B1s would take MUCH more time than A3s, if for no other reason than they couldn't use partially re-done A1/2 silicon to reduce fabbing time. If you notice what happened, A1 took about 6-7 weeks, and A2 was about 4. That tells me that hot lots of all the metal layers take about 4 weeks to force through the system.

A1 wasn't a respin, so how you do you expect 6-7 weeks?

If it was a full silicon respin, you would be looking at mid-January at the earliest, quite possibly later. I haven't heard that a Bx line will be needed, but then again, wait for A3.... If the clocks don't go up significantly for A3, things are looking mighty uncomfortable in NV land.

-Charlie

If there were any silicon changes, minimum its 2 months to get chips back, and that is being very optimistic. Wasn't this already gone over in this very thread?
 
*Cough* 104 die candidates. I wonder how that info came about? You would have to have seen a........ Nice weather here, how about where you are?

-Charlie

maybe you are guessing?

Next time you get a chance, can you ask about the info in your sig? You do have 11 or 12 days left......

-Charlie


Oh no I was talking about Win 7 parts, thats why I only selected portions of your post. And since you have no idea about when nV pushed thier launch out at the time of your post, I don't believe you knew anything.
 
Last edited by a moderator:
May I ask you guys whats your guess on the percentual advantage (or disadvantage) of GTX 380 over 5870 ?

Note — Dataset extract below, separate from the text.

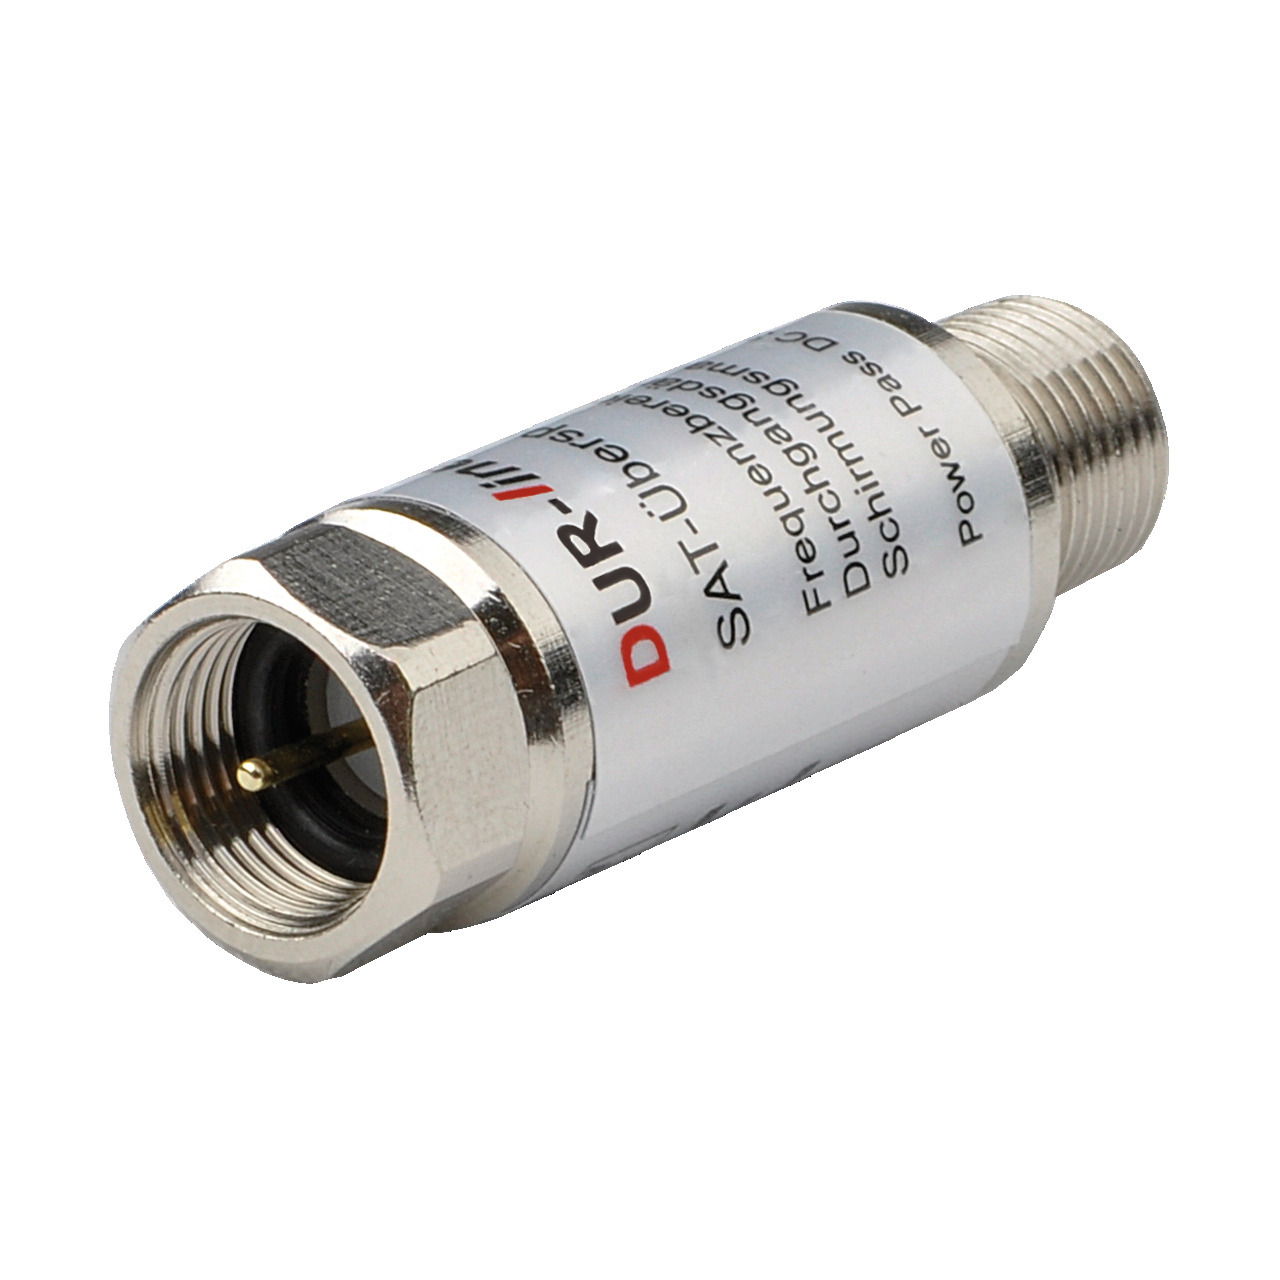 DUR-line berspannungs-Blitzschutz DLBS 3001- 0-3 dB Durchgangsdmpfung- passend zu Erdungsblcken unter Multimedia
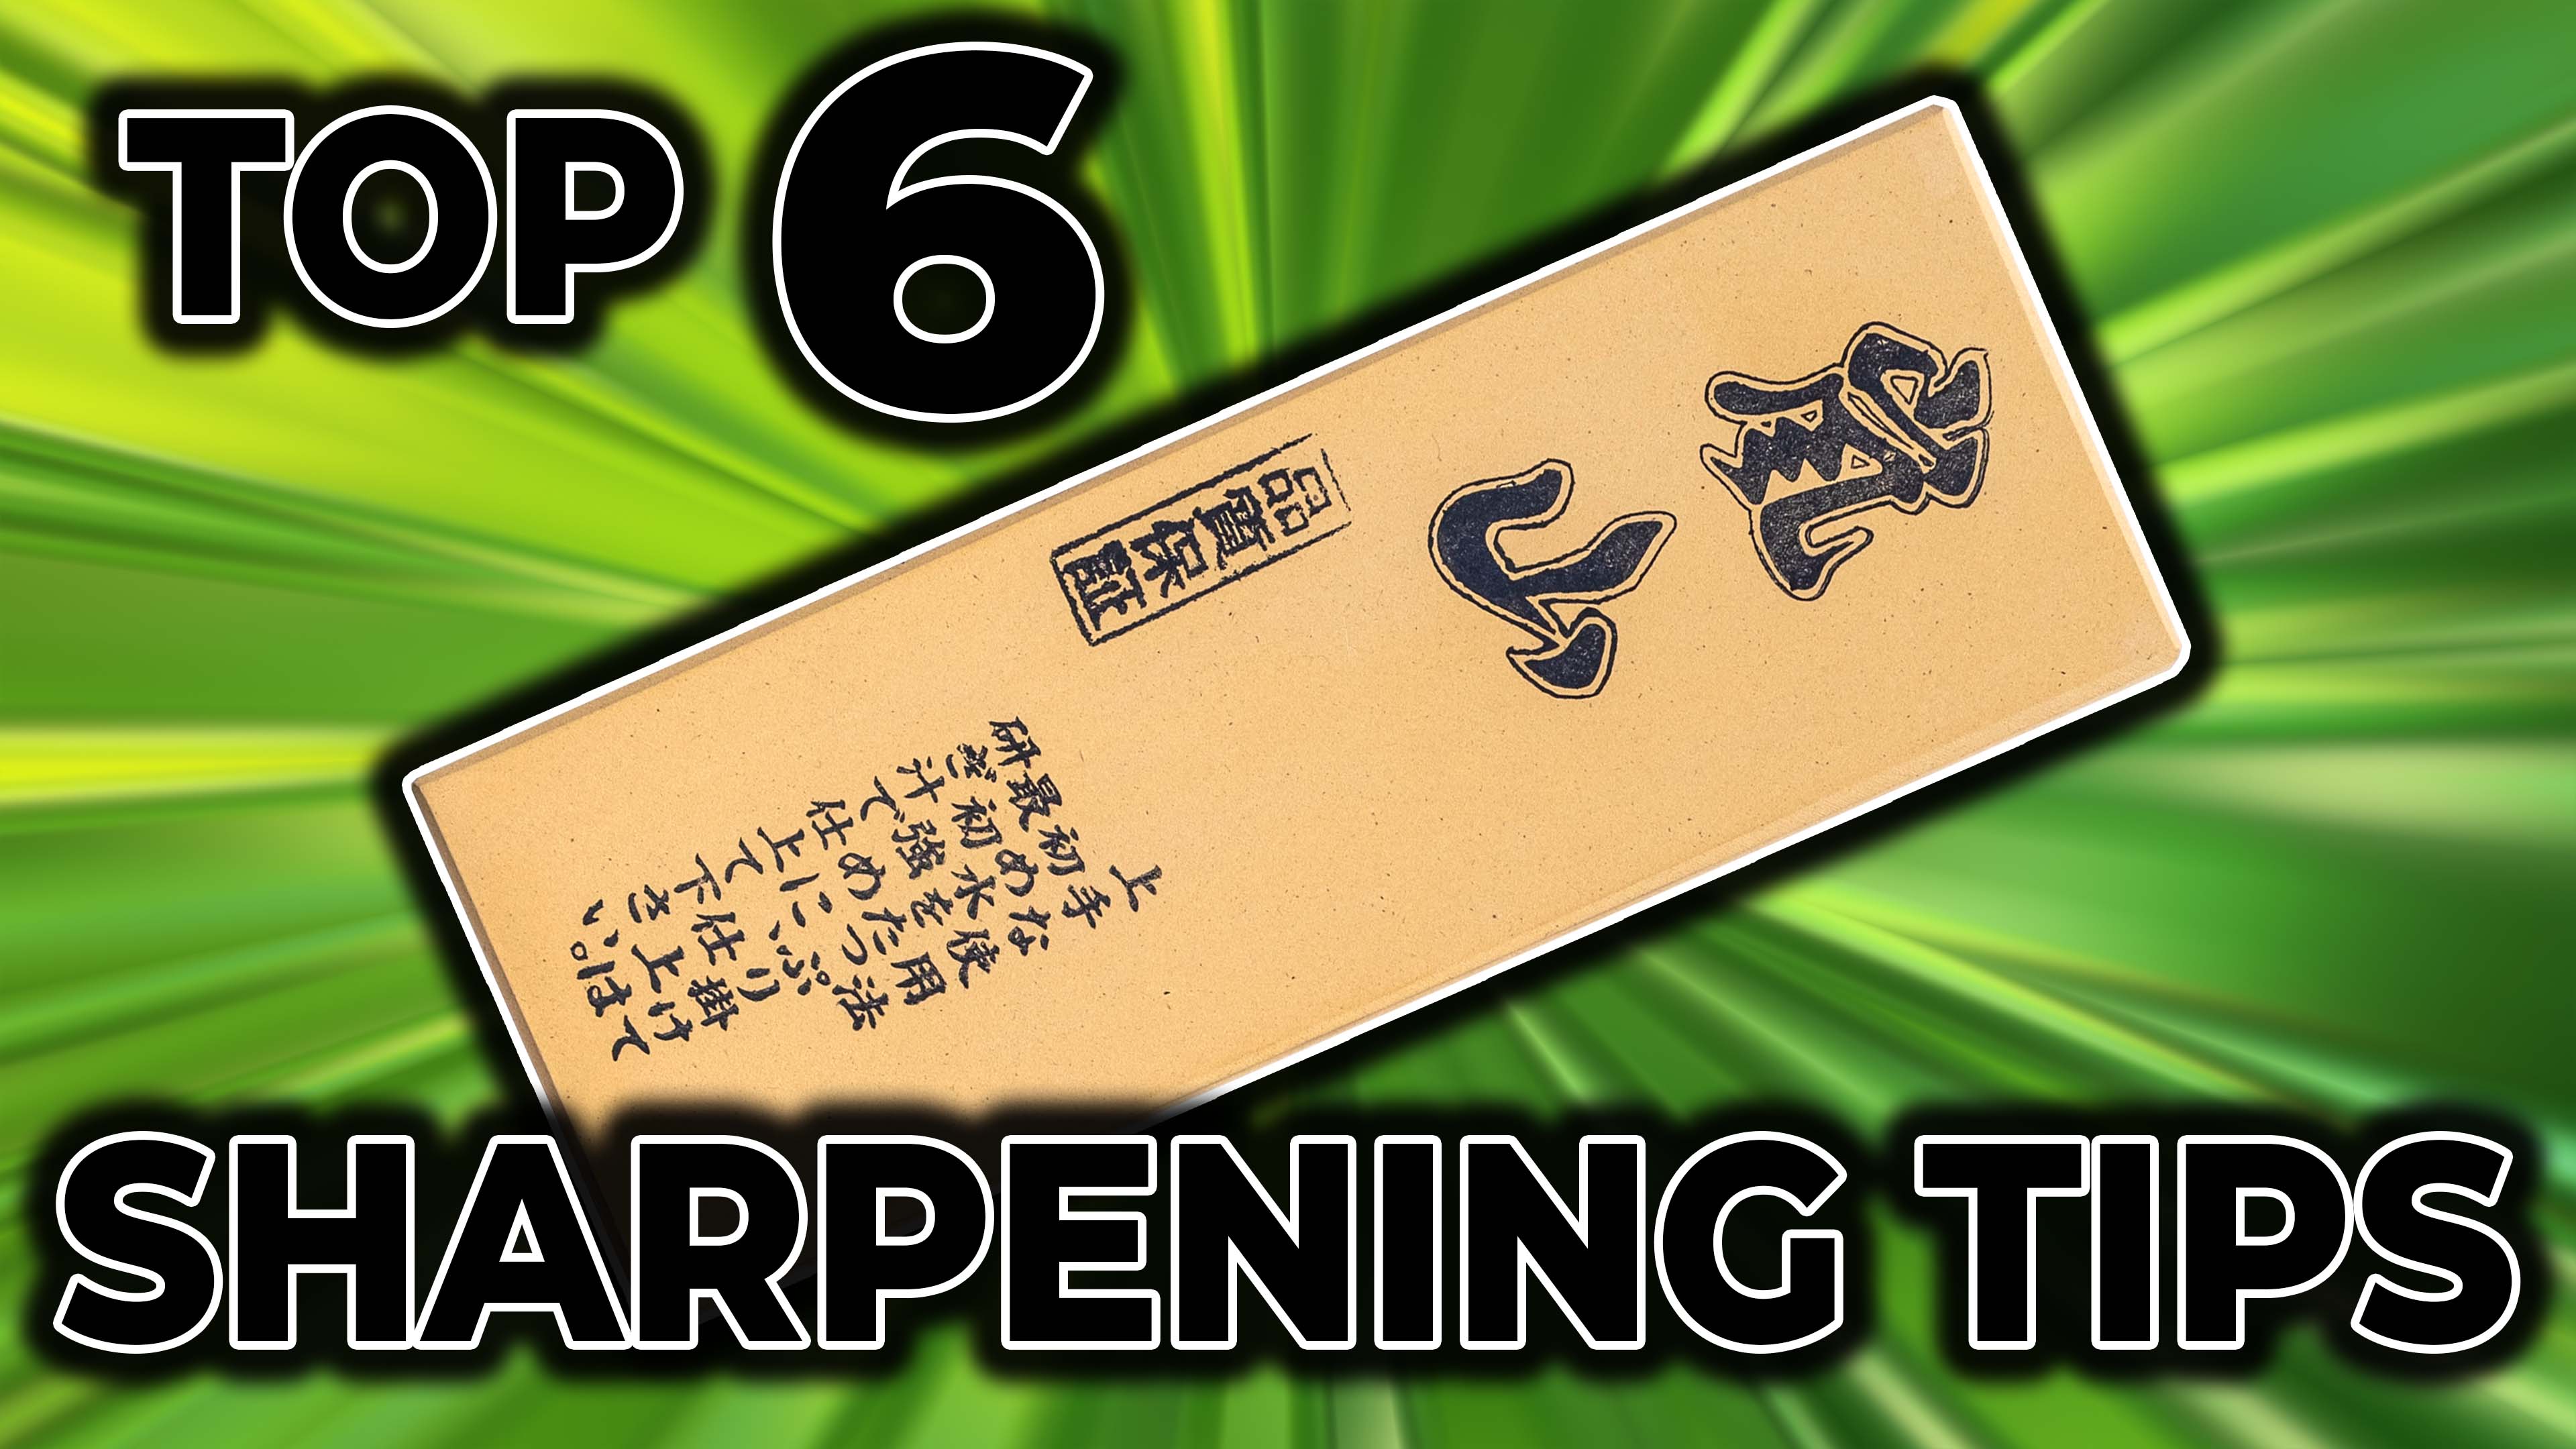 Top 6 Sharpening Tips

Of course, a little explanation of why would be good.

I expect nothing more than 15%+ performance - based on history, SP Flop performance and memory bus. I cant really see the advantage of a dual warp scheduler, large caches and the new CUDA cores for gaming applications so 15% is my guess.

Sorry about my english.
 
I think this has been linked before:

http://www.semiconductor.net/article/438968-Nvidia_s_Chen_Calls_for_Zero_Via_Defects-full.php

so, what if via defects are the key problem with GF100? Re-doing metals is, effectively, re-doing vias I guess. And presumably vias are pretty fragile compared to metals (though I presume vias and in-layer interconnect count under the heading of "metal"), since the vias have an interface where two layers meet - which I presume is the bit that's failing.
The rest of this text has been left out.